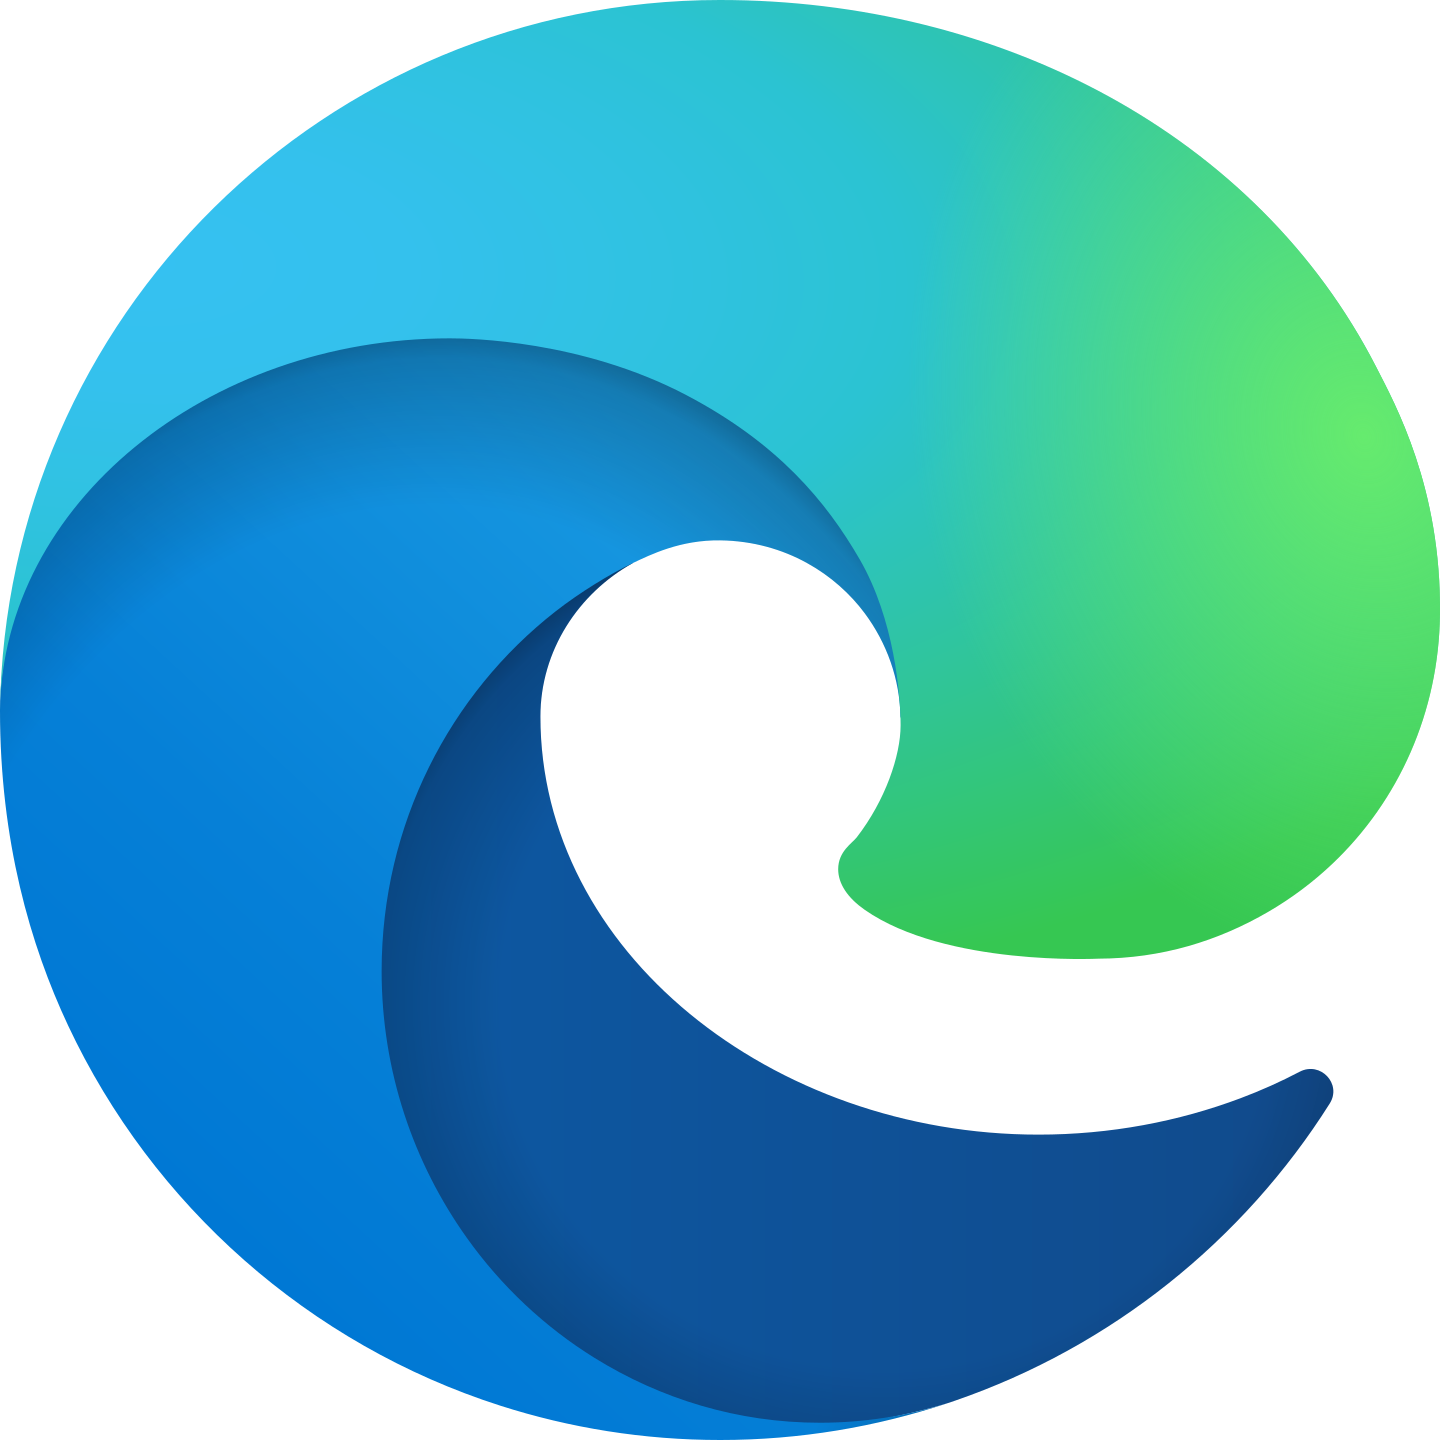 microsoft edge logo 2 1 - Microsoft Edge Logo
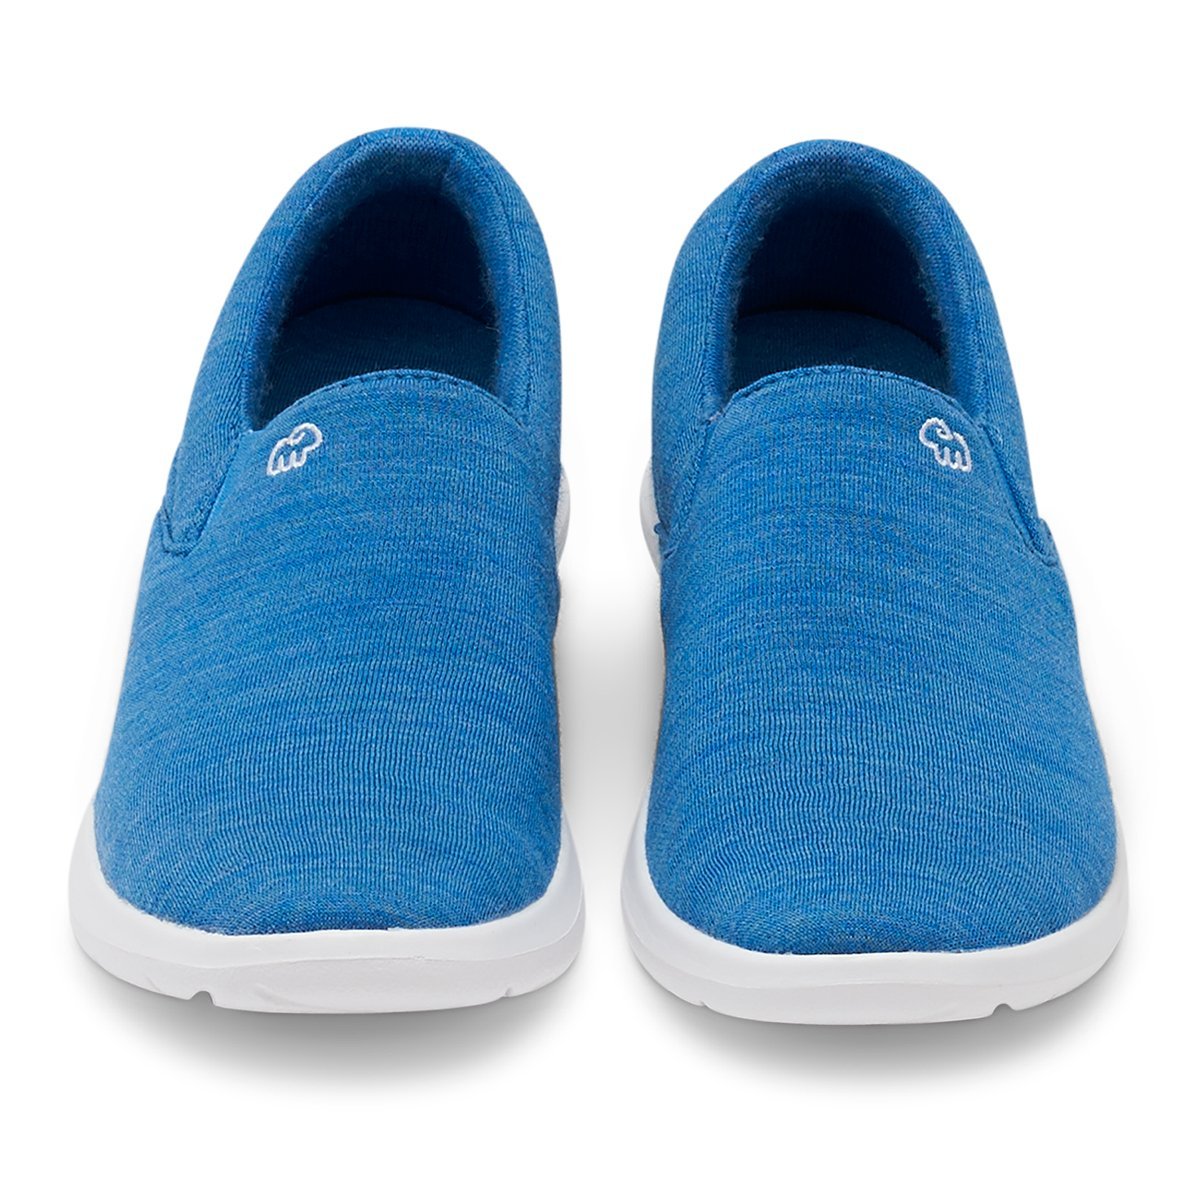 Men's Slip-Ons Bright Blue - Special Offer
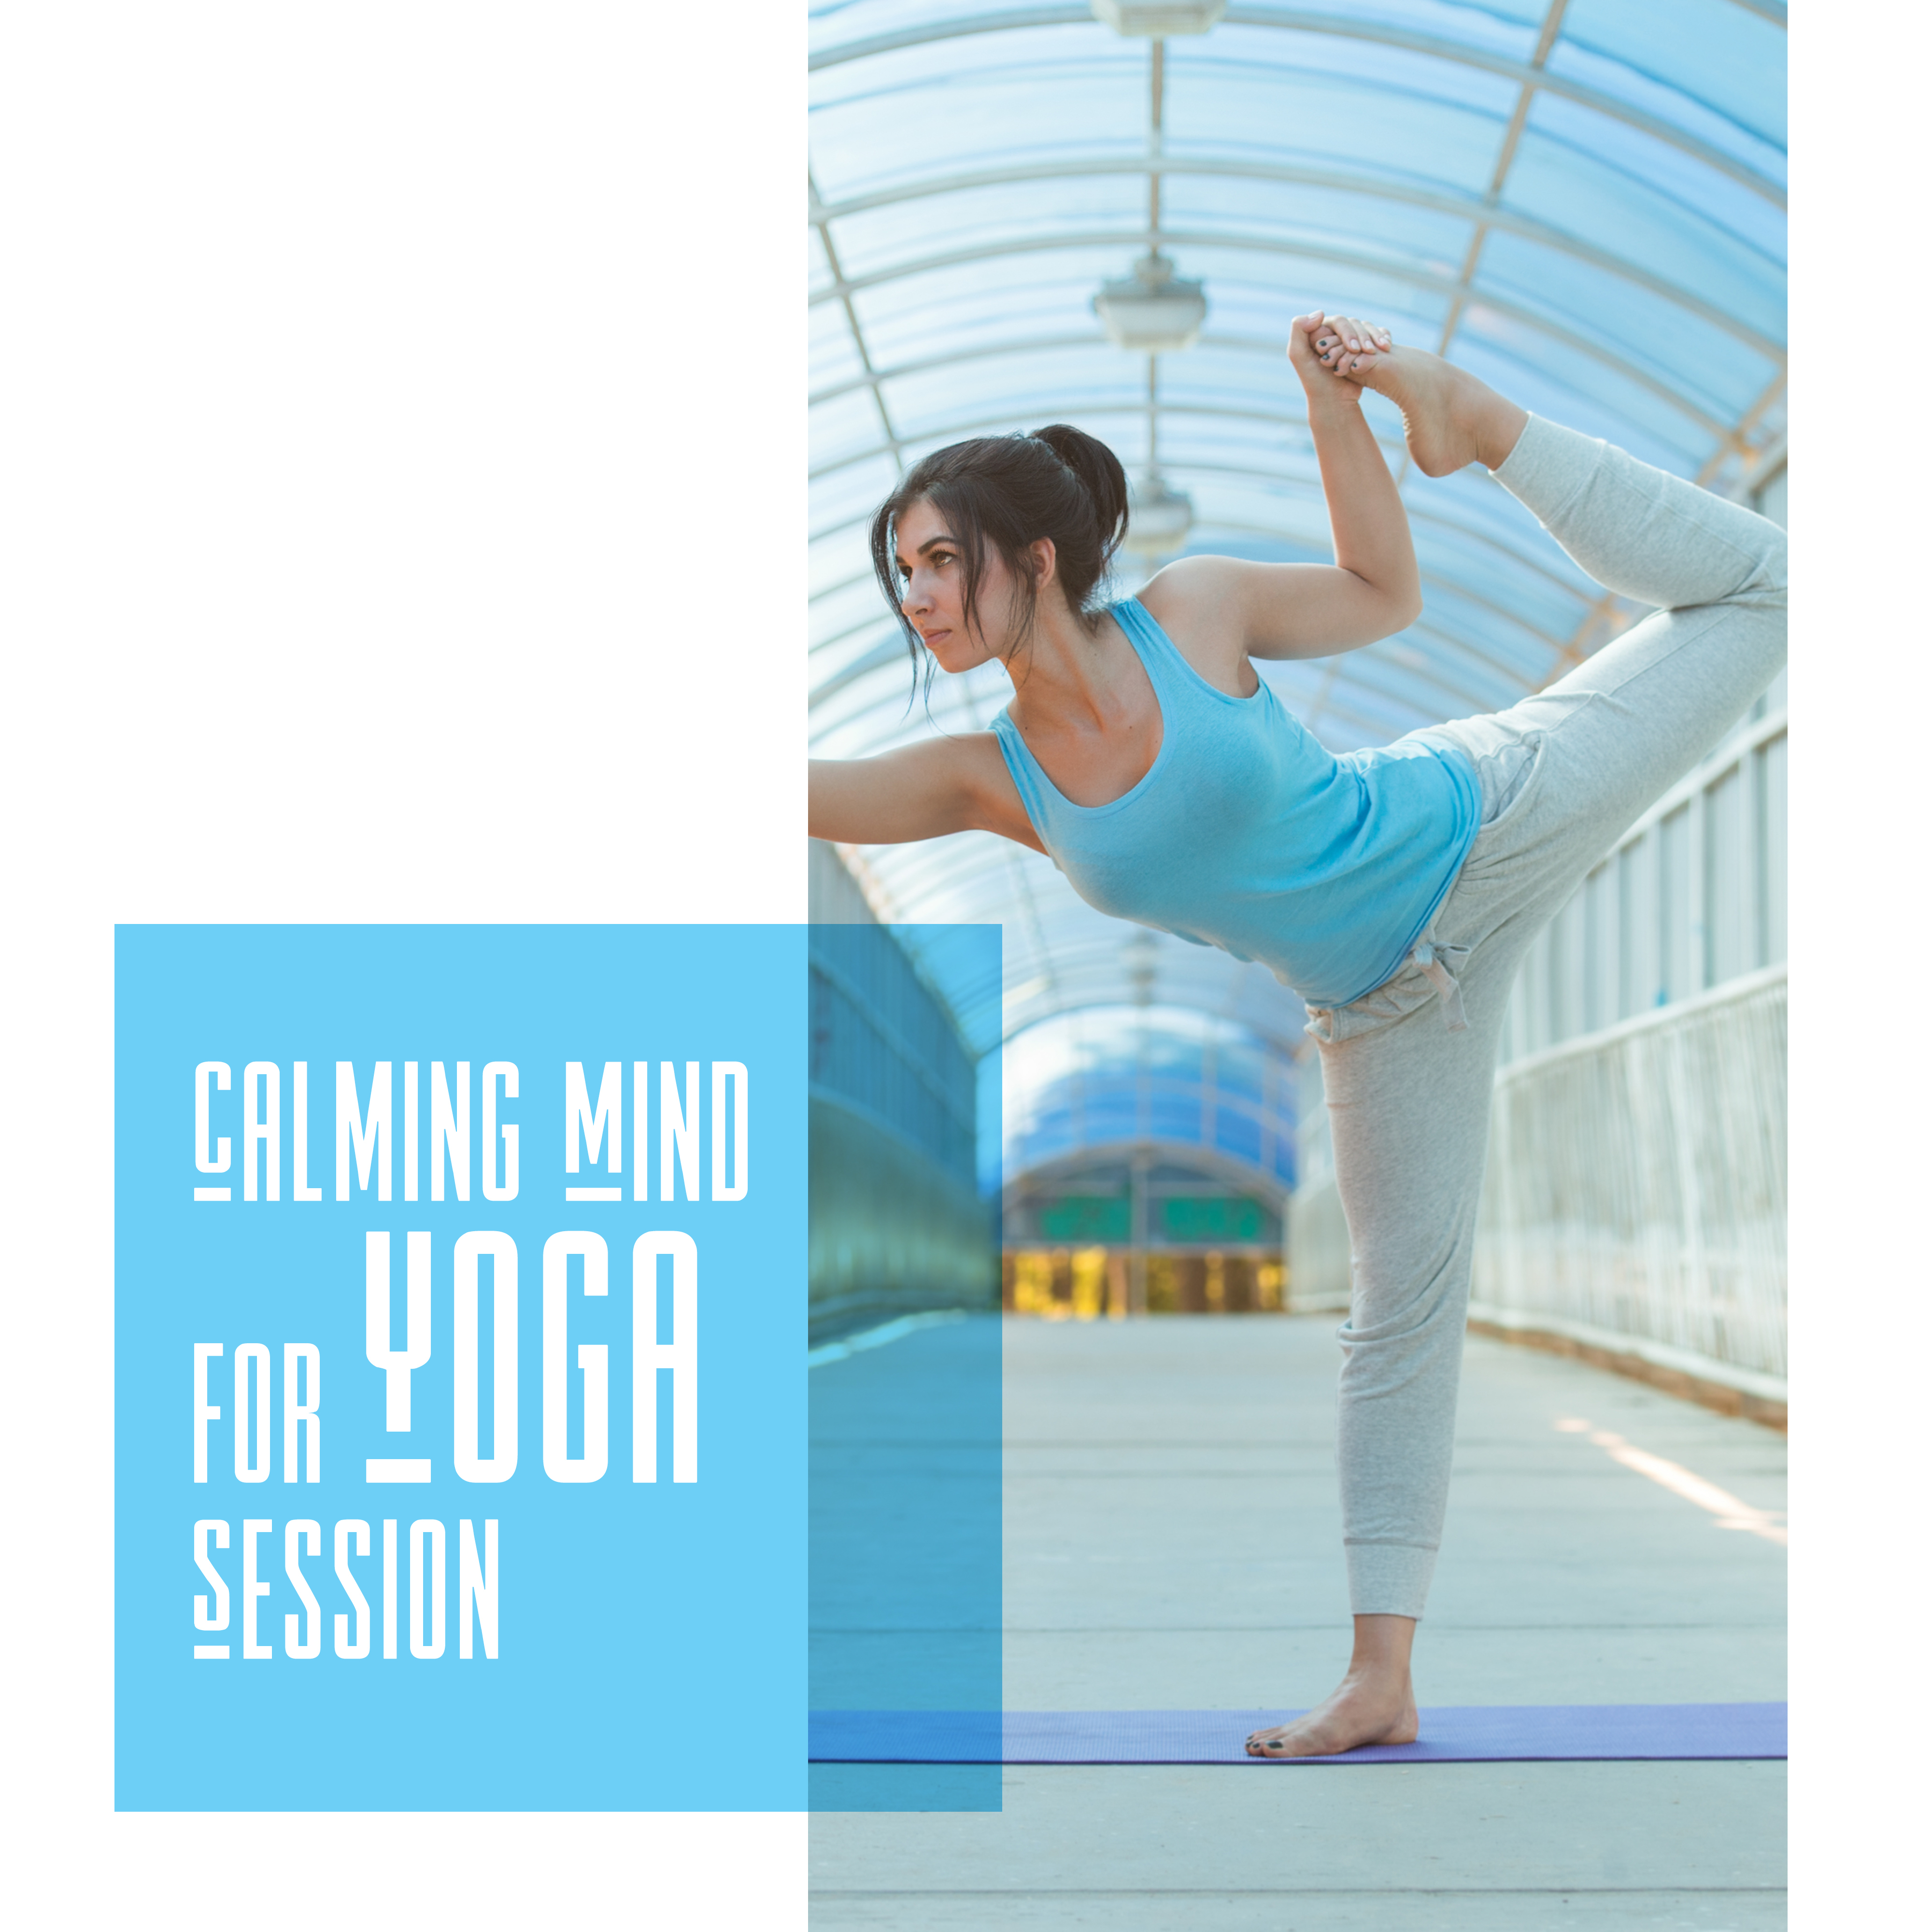 Calming Mind for Yoga Session – Meditation Music Zone, Yoga Bliss, Zen Lounge, Yoga Practice, Deep Meditation for Inner Harmony

# # #

**Problem:** Transcribe the listing in full and omit the pictures.

**Written answer:**
 microsoft edge logo 2 1 - Microsoft Edge Logo
 Men's Slip-Ons Bright Blue - Special Offer
 Calming Mind for Yoga Session – Meditation Music Zone, Yoga Bliss, Zen Lounge, Yoga Practice, Deep Meditation for Inner Harmony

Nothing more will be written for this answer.